Tourette's Syndrome: How It Affects Education
Imagine living in a body, explosive in nature, uncontrolled in behavior, and unpredictable in affect.
Now place that body in setting that requires concentration, interaction, and measured response - a classroom. Use your imagination again and pretend that you are a school district administrator.
You have just learned that three students with Tourette's syndrome are moving into one of your schools this fall. You are already facing budget cuts that threaten the integrity of the educational programming. How will you afford the special training that is required to accommodate your new students?

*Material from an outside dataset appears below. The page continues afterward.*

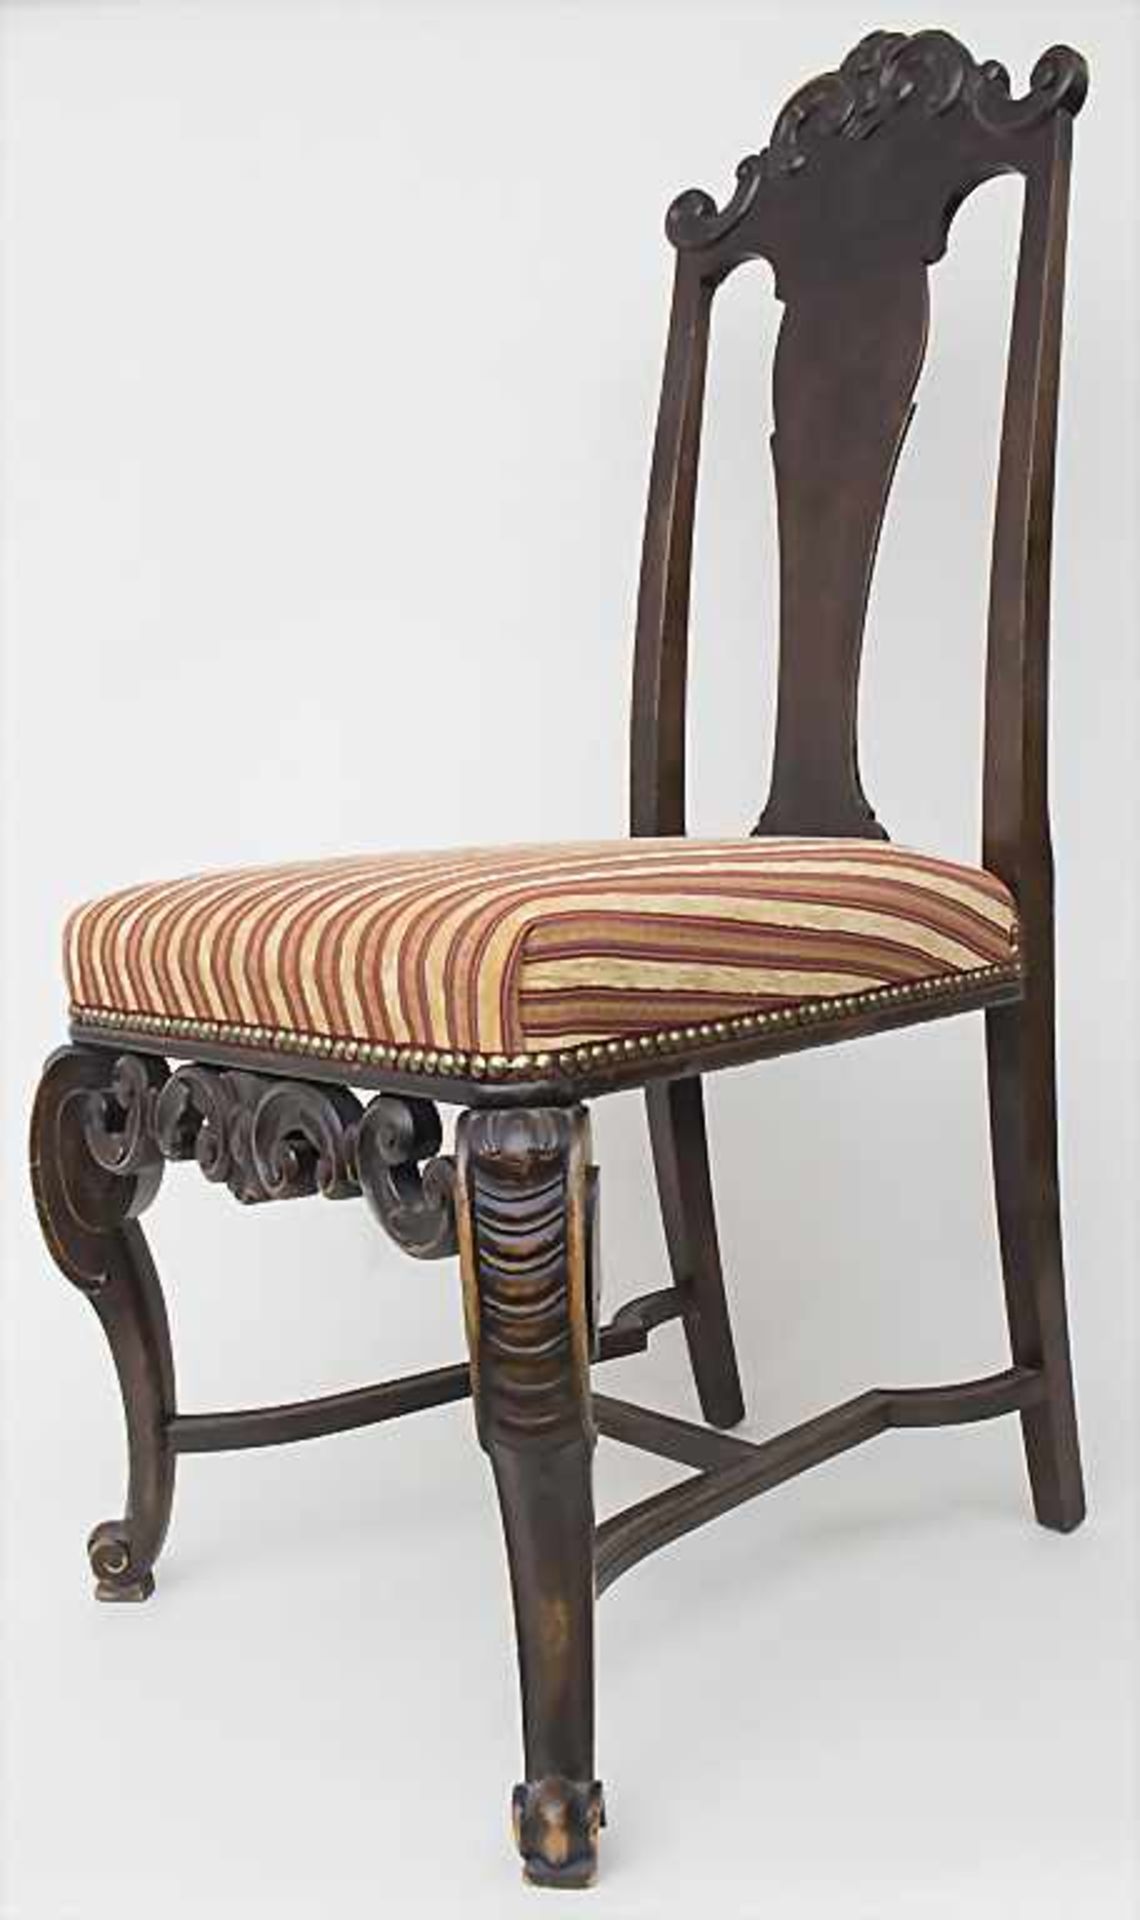 Paar Historismus-Stühle / A pair of historism chairs, 19. Jh.< - Image 2 of 5

Alternatively, you are the mother of a child with TS. Your child is segregated from the other students because she spits and hums uncontrollably. Her self-esteem and frustration play out in jerks and tics. How will her future be secure without the present support of professional educators?

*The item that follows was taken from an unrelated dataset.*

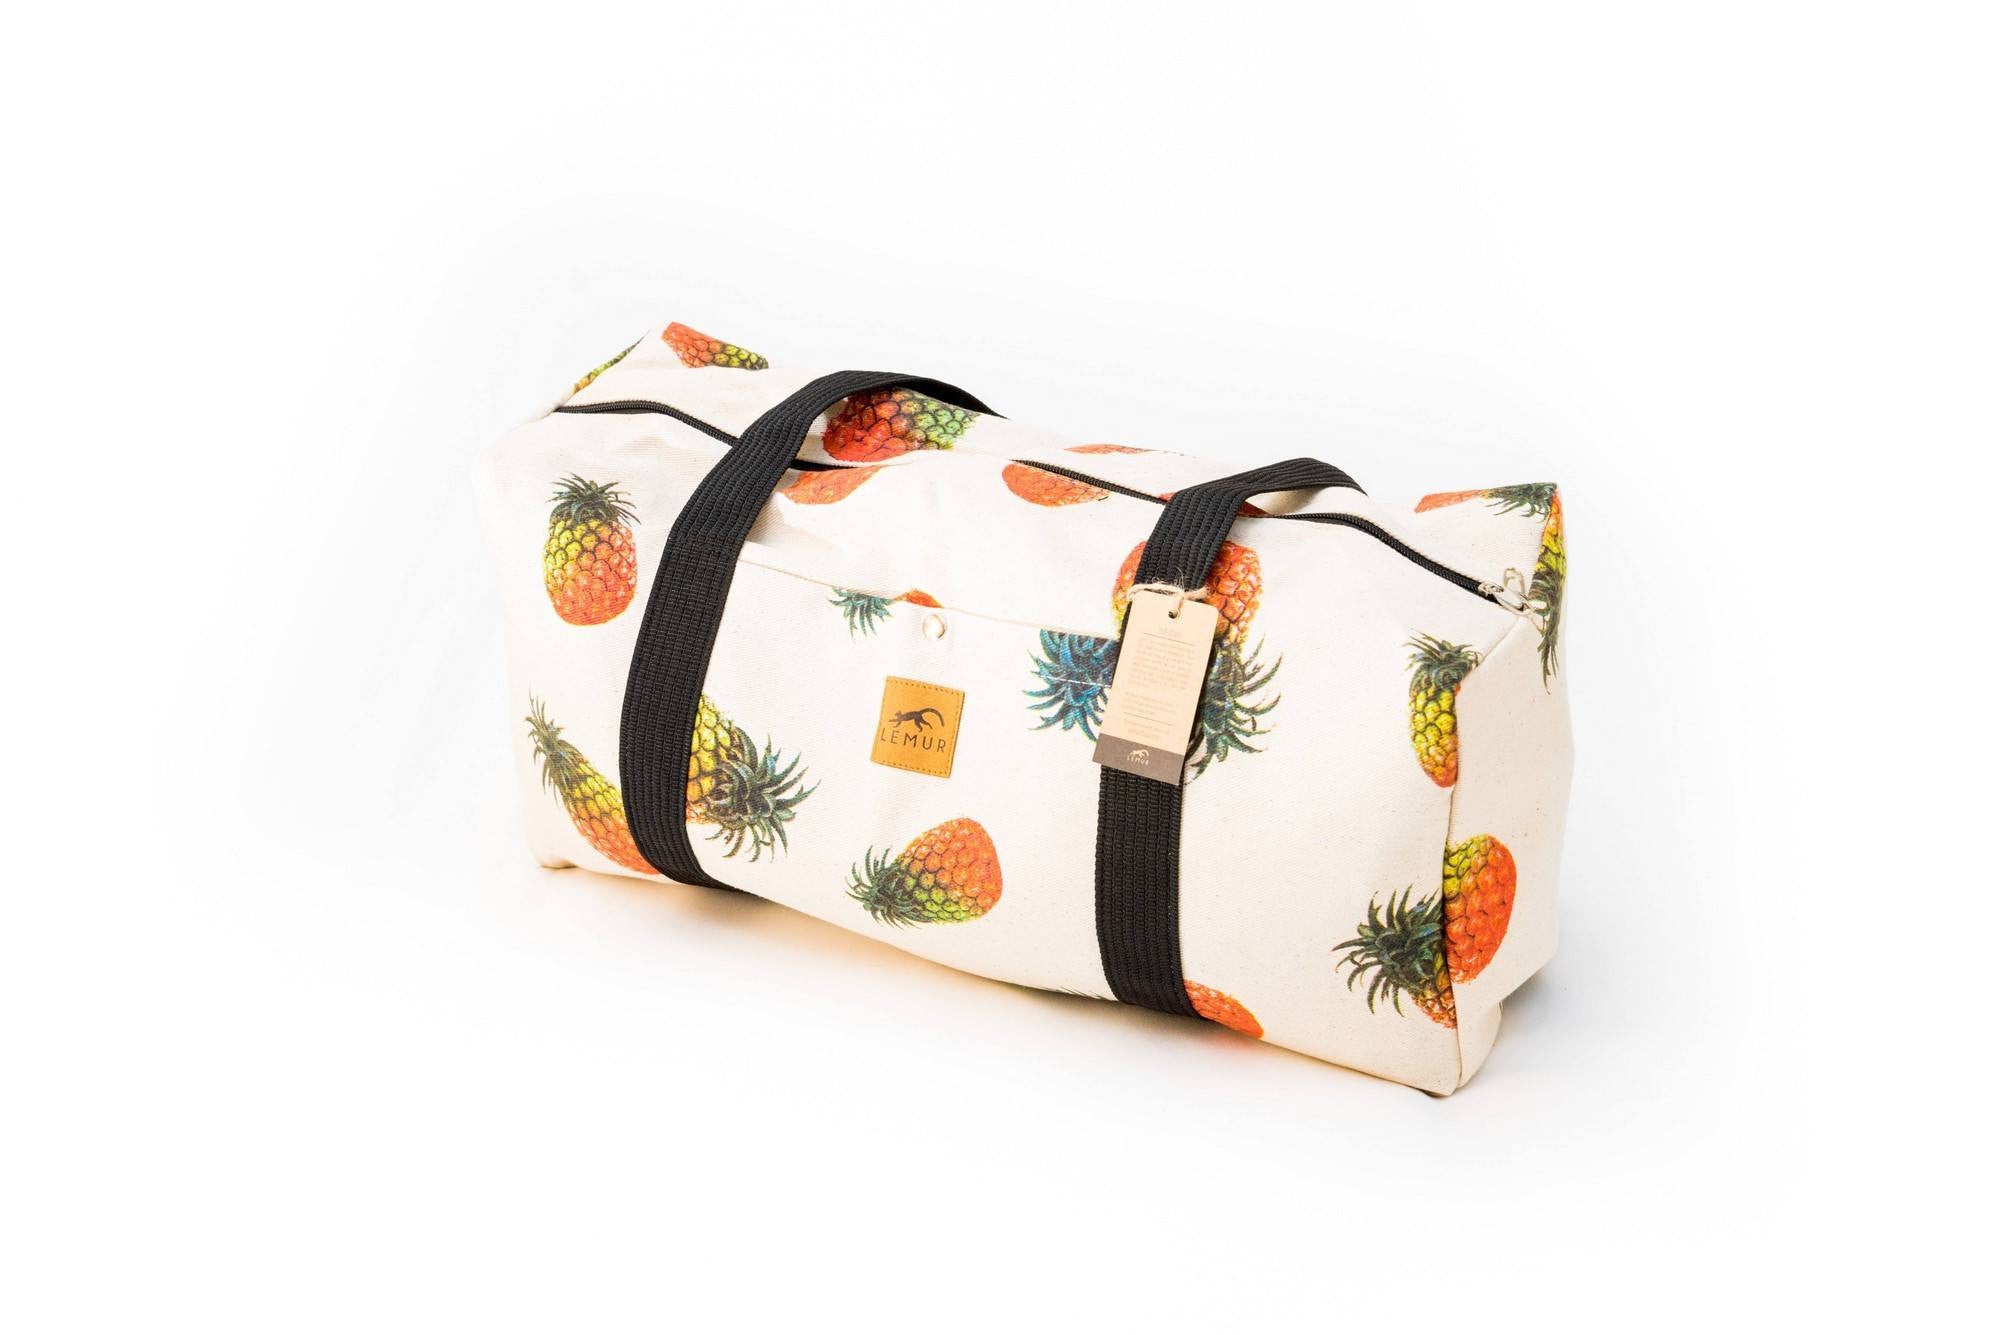 Canvas Duffel Bag - Canvas Duffel Bag - Gym Or Sports Bag, Carry-On Travel Luggage By Lemur Bags (Pineapples)

There are ramifications beyond the immediately obvious challenges presented by these scenarios. This review addresses aspects of the challenges posed by Tourette's syndrome and how it affects education. It elicits opinions from leading authority in the treatments of Tourette's as well as from the parents of children with this condition.
The first aspect under review is the condition itself and the questions one may have concerning it. What is Tourette's syndrome? Whom does it affect and how does the individual manifest its symptoms? One must accomplish this familiarity to understand the impact Tourette's syndrome (TS) has on the classroom, both for the educator and the student. Secondly, how does TS specifically affect the classroom? What accommodations can be made to increase the opportunity of TS students and concordantly limit the burden to the current educational system? Finally, a brief explanation of IDEA (Individuals with Disabilities Education Act) will clarify the legal mandate to work with Tourette's within the educational system. This review explores the financial ramifications of IDEA on education through the brief investigation of a recent case study in Iowa and comments made at the Congressional Hearing of March 21, 2002.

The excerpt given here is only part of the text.